**RECORDS TO PROCESS:**
━━━━━━━━━━

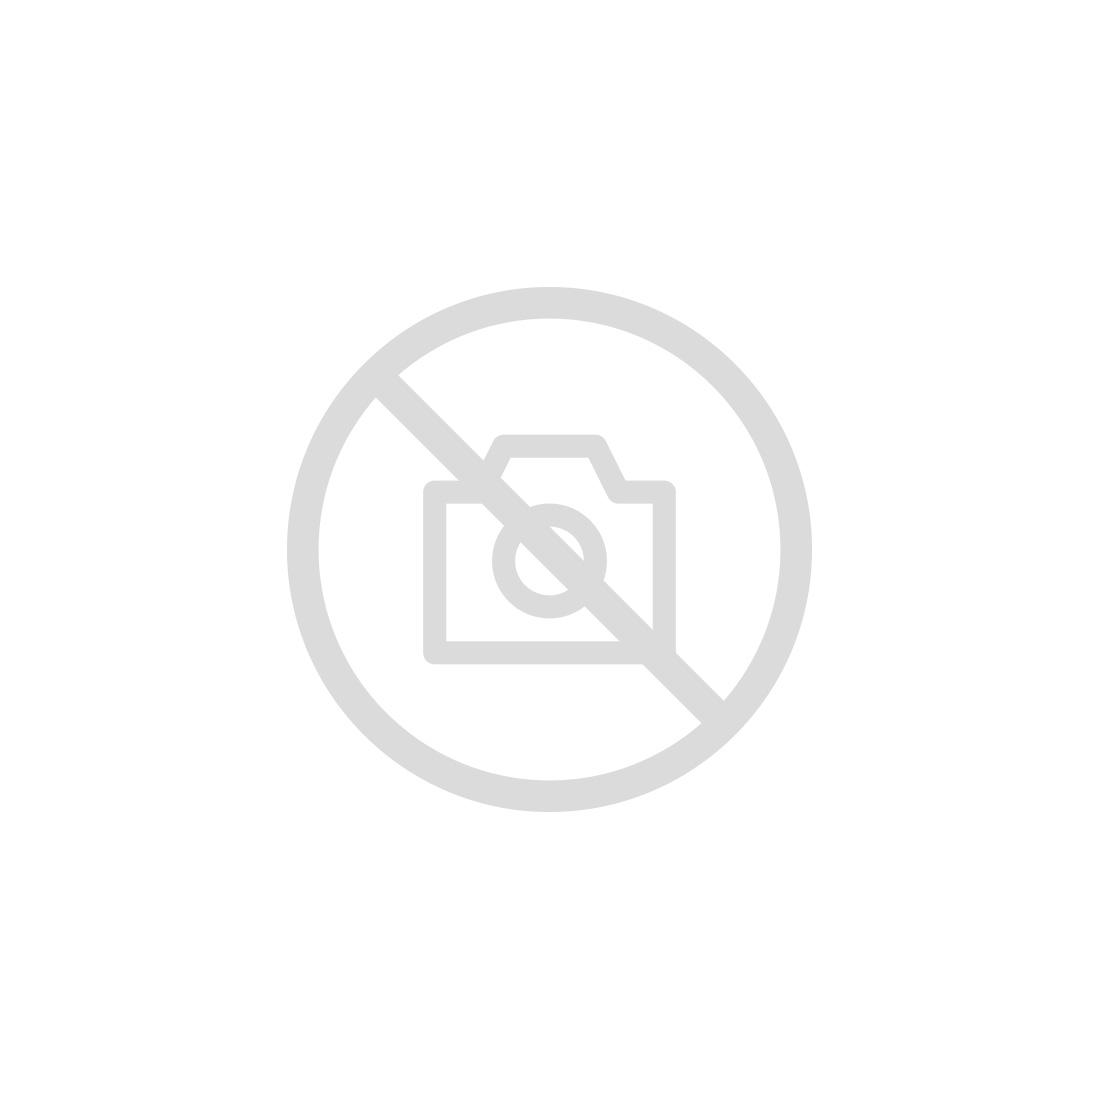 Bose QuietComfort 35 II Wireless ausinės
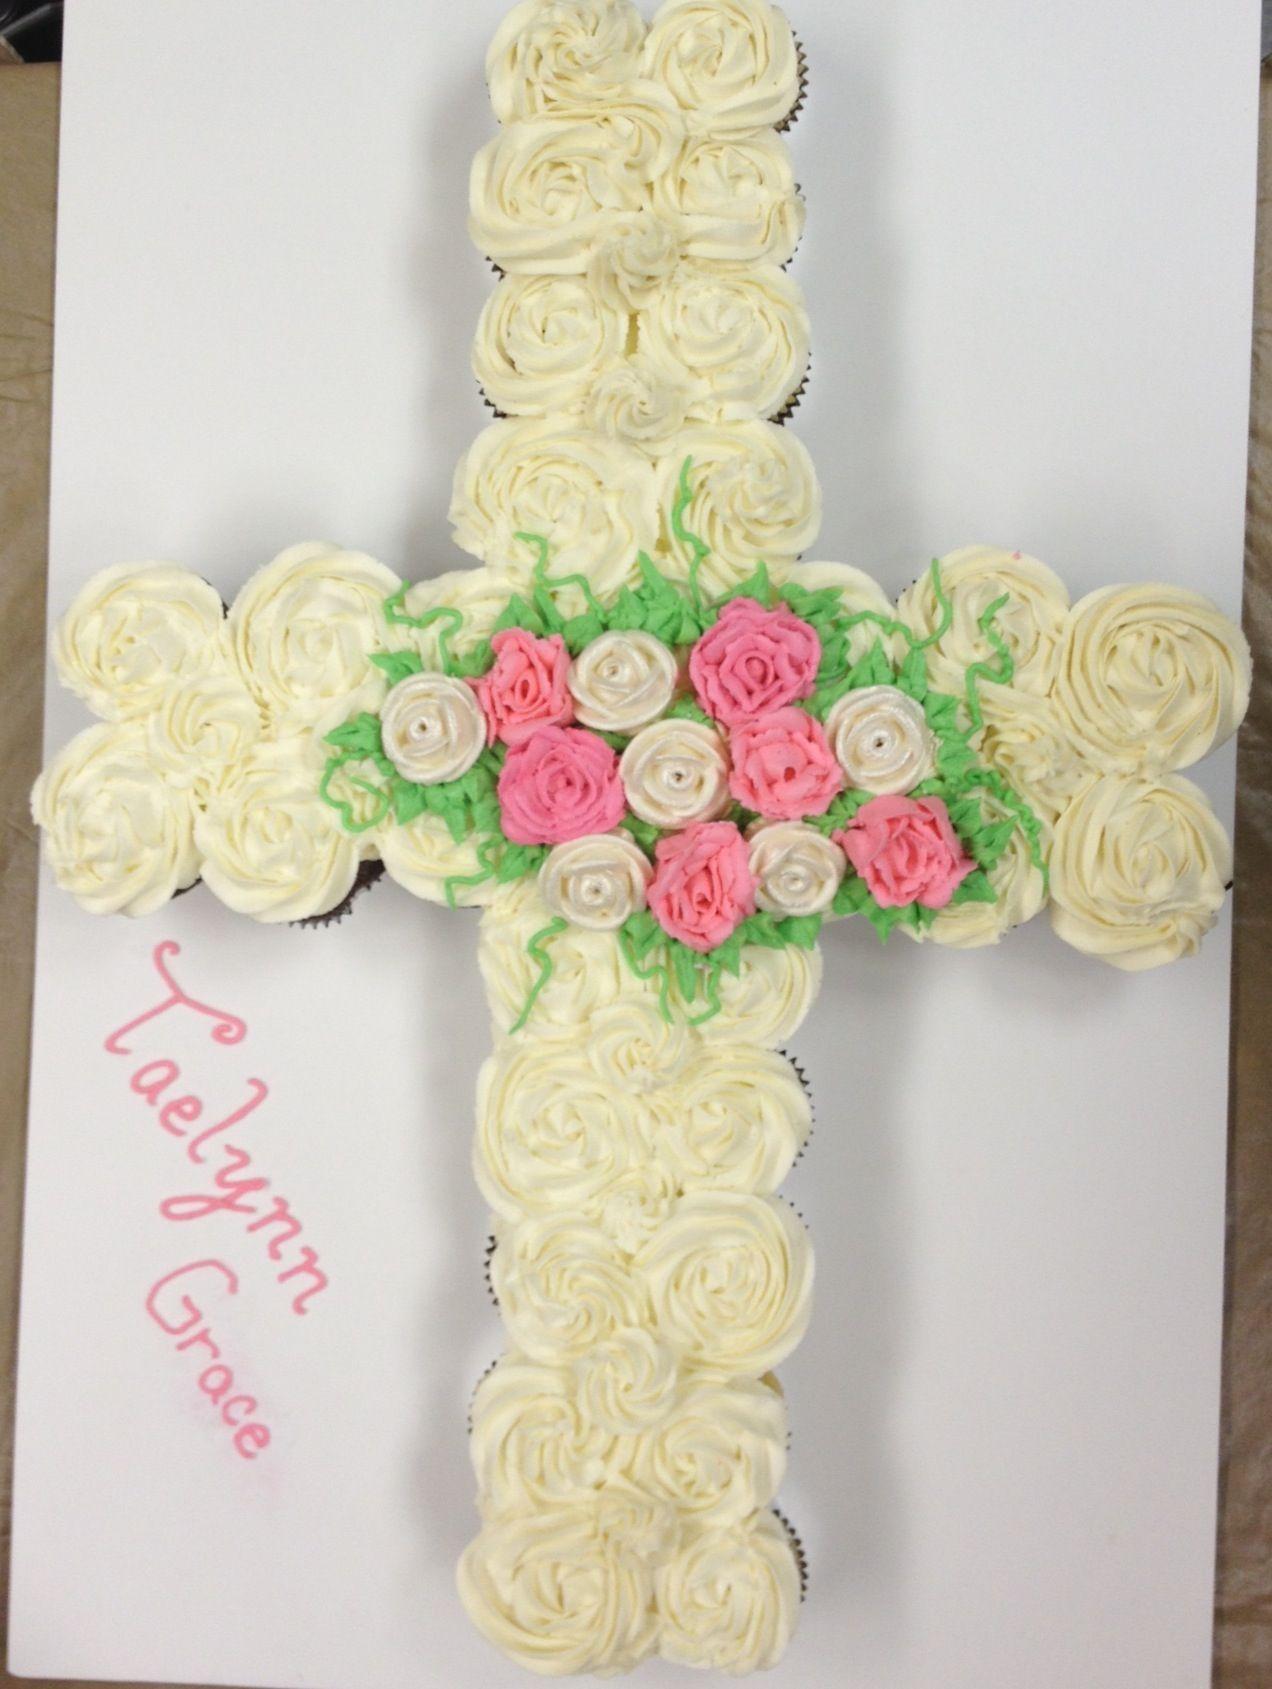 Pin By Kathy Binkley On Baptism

━━━━━━━━━━

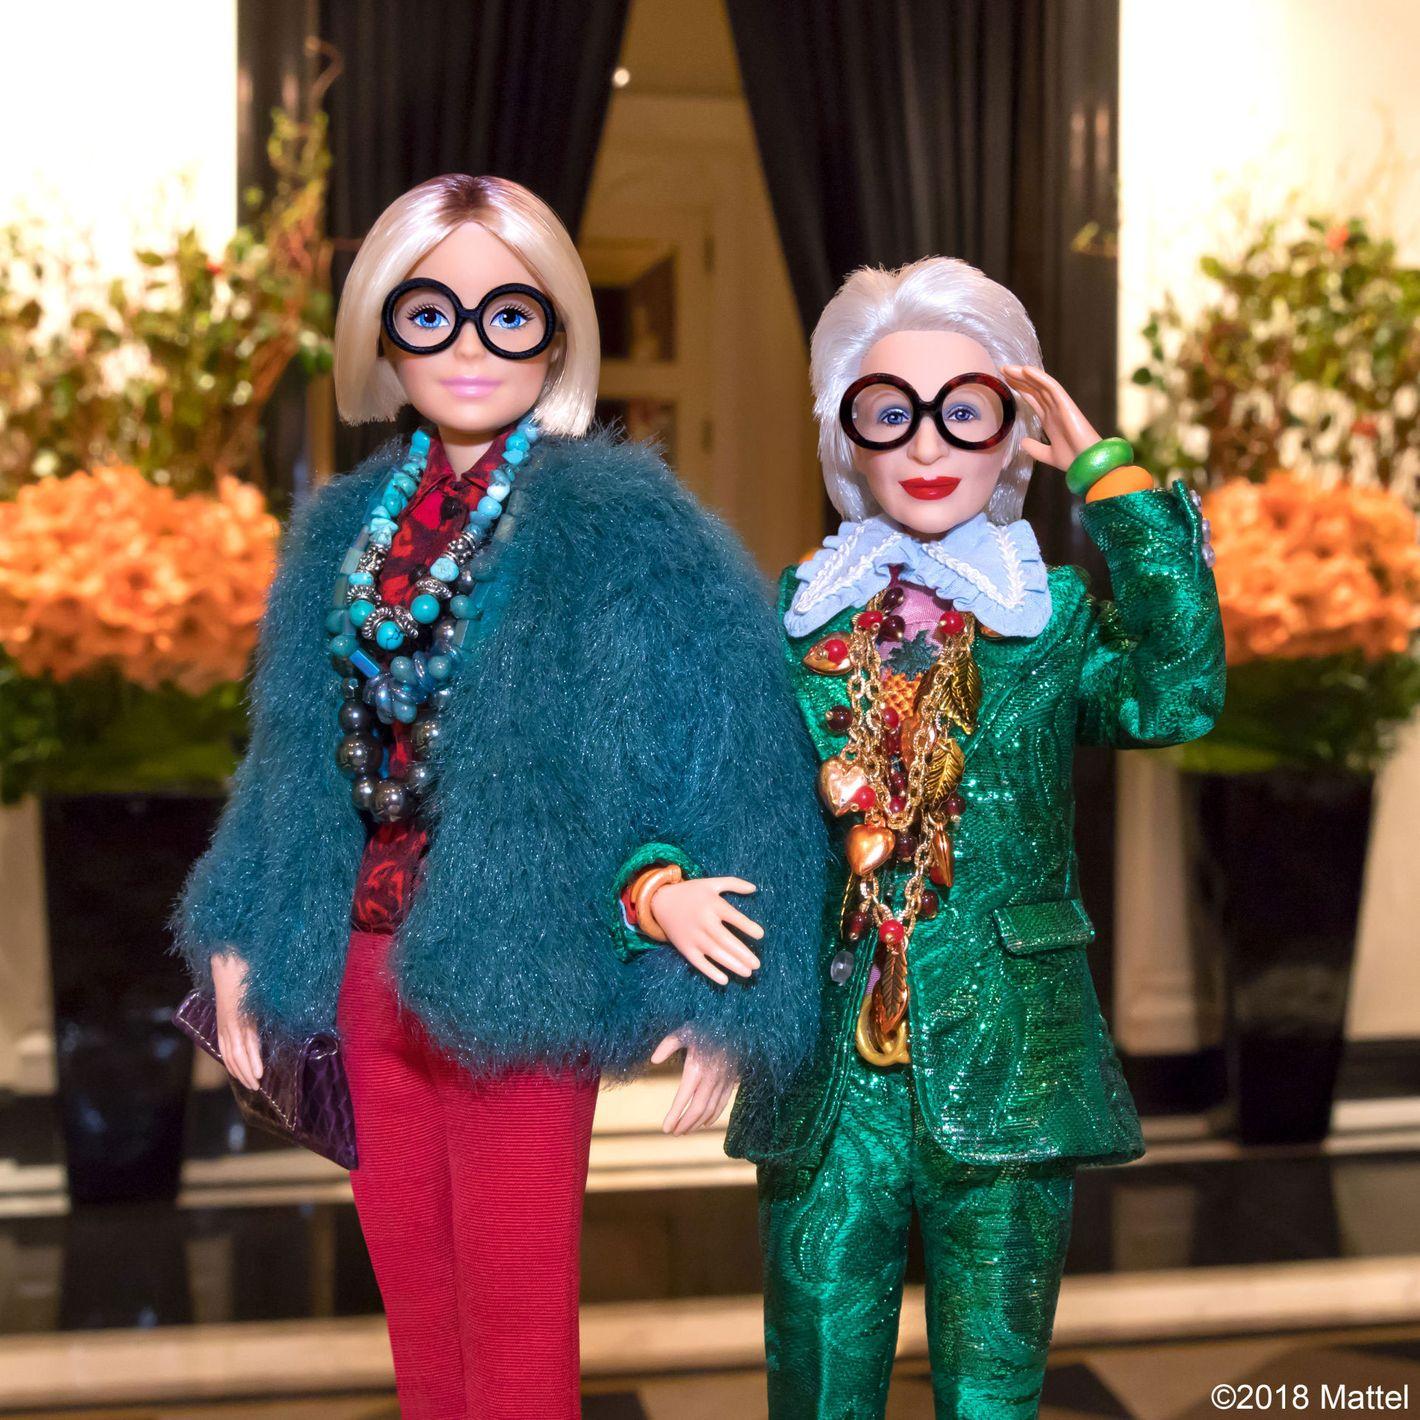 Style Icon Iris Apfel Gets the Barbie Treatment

━━━━━━━━━━

**WORK ORDER:** Drop the pictures; return the lines above from the line containing "Bose QuietComfort 35 II Wireless ausinės" to the line containing "Pin By Kathy Binkley On Baptism", both included, exactly.

**RESPONSE FOR THIS EXERCISE:**
 Bose QuietComfort 35 II Wireless ausinės
 Pin By Kathy Binkley On Baptism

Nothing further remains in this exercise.